But the farmers' wives just stared at her, astonished: they never went back on their word. They said goodbye to the Viscountess, holding out their red hands that were chafed by the harsh winter, by caring for animals, by doing the washing. She shook each hand reluctantly; touching them was physically distasteful to her. But she made the effort to overcome this feeling so contrary to Christian charity and, in the spirit of mortification, forced herself to kiss the children who accompanied their mothers; they were all fat and pink, overfed and with dirty faces, like little pigs.
At last the room was empty.

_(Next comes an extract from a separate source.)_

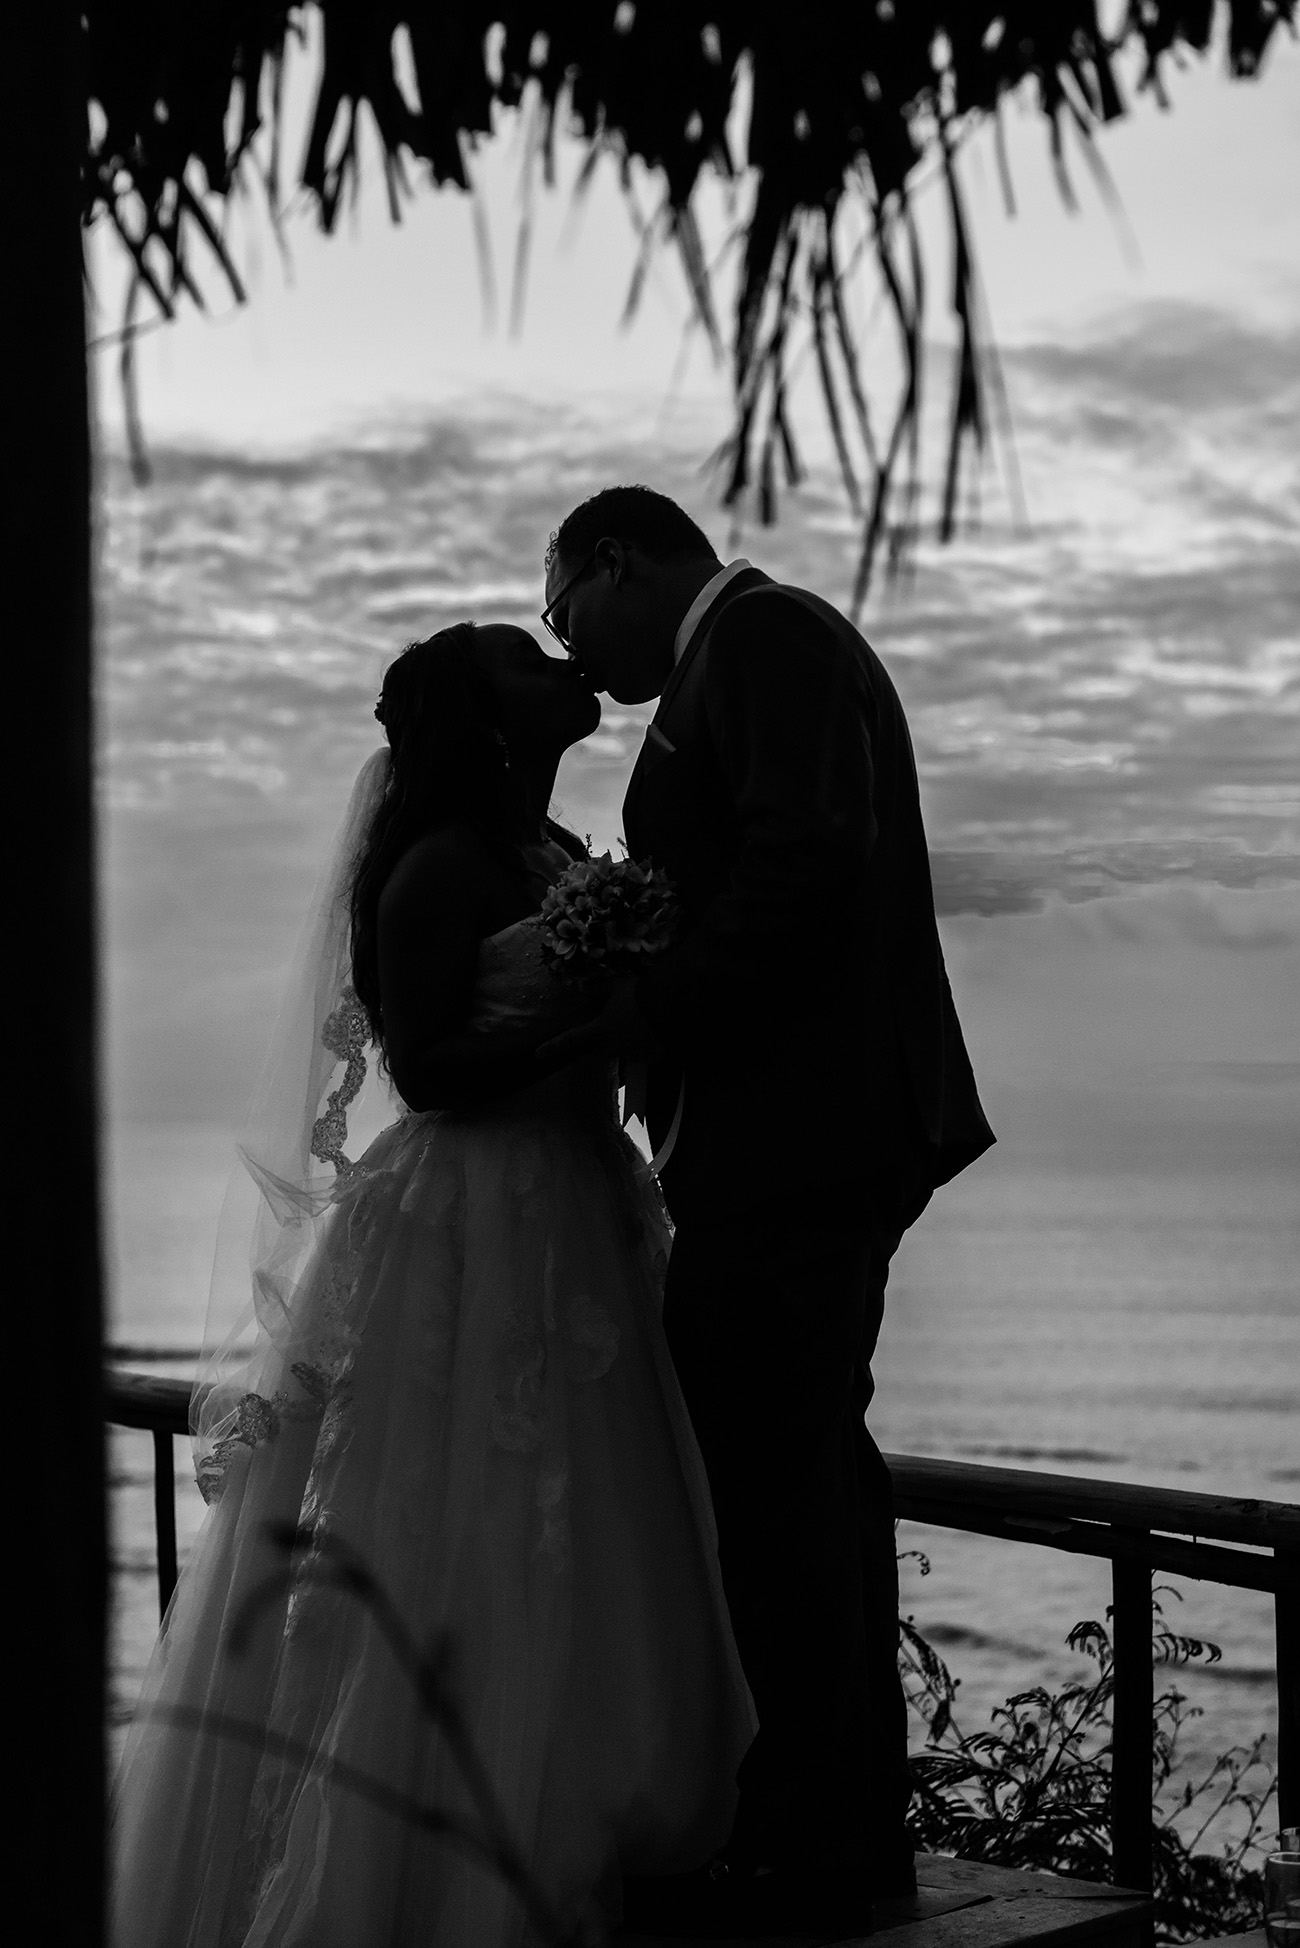 Silhouette of the bride and groom kissing black and white photograph. Ocean in the background. at Paradise Cove island resort in the Yasawas in Fiji photographed by Anais Photography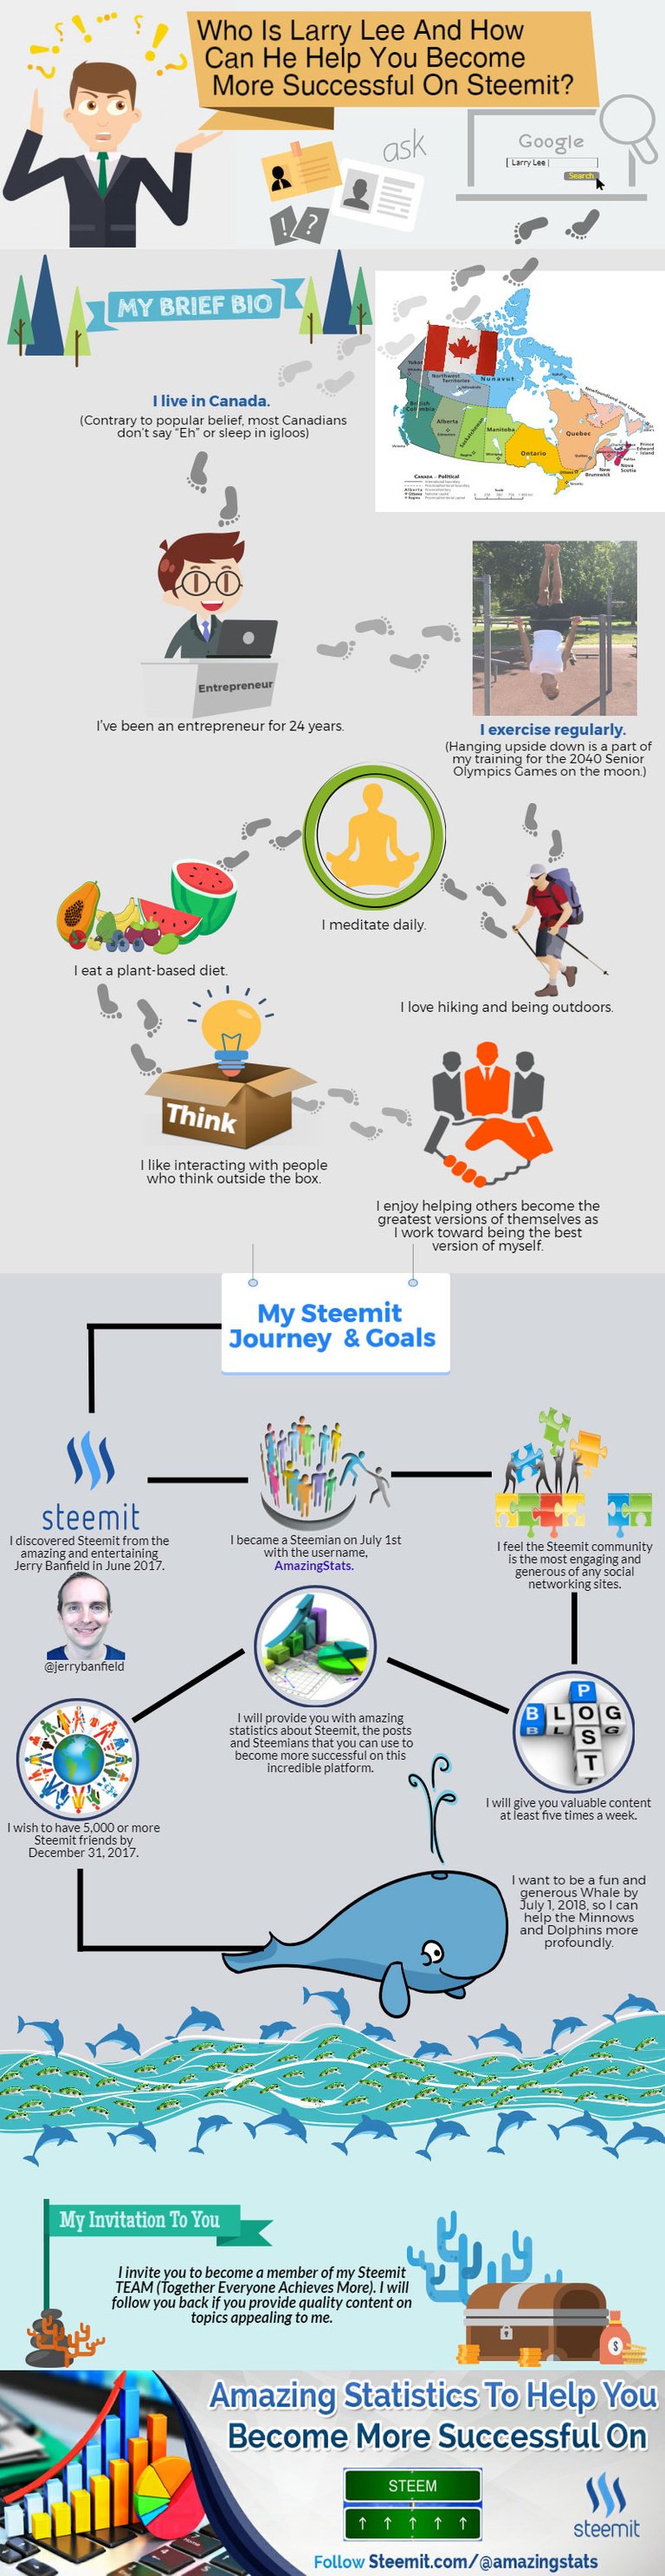 Steemit.com@AmazingStats-Blog-1-How-You-Can-Become-More-Successful-On-Steemit.com

The teacher had taken the girls out; the farmers' wives were gone. The Viscountess sighed, not from tiredness but from disgust. How base and ugly people were! "You have to go to so much trouble to instil a glimmer of love into these sad souls…" she said to herself out loud, but as her spiritual adviser had suggested, she offered up her day's tiredness and work to God.
"And what do the French think, Monsieur, of the outcome of the war?" Bonnet asked.
The women looked at each other, scandalised. It just wasn't done. You simply didn't talk to a German about the war-not about this one, or the other one, or about Maréchal Pétain, or about Mers-el-Kébir, or about how France had been split in two, or about the occupying forces, or about anything that mattered.
There was only one possible attitude: an affectation of cold indifference, the tone of voice Benoît used as he raised his glass, full to the brim with red wine: "They don't give a damn, Monsieur."
It was evening. The setting sun, clear and crisp, was a sign there would be a frost that night, but that the next day would undoubtedly be magnificent. Bonnet had spent all day in the village and was on his way to bed. But before going up, he had lingered downstairs-out of politeness, natural kindness, the desire to be well regarded or perhaps simply the wish to warm himself a moment by the fire. Dinner was almost over; Benoît was alone at the table; the women had already got up and were tidying the room, doing the dishes.
The German looked at the big useless bed with curiosity. "No one sleeps here, do they? It isn't used for anything? How odd."
"Sometimes it's used," said Madeleine, thinking of Jean-Marie.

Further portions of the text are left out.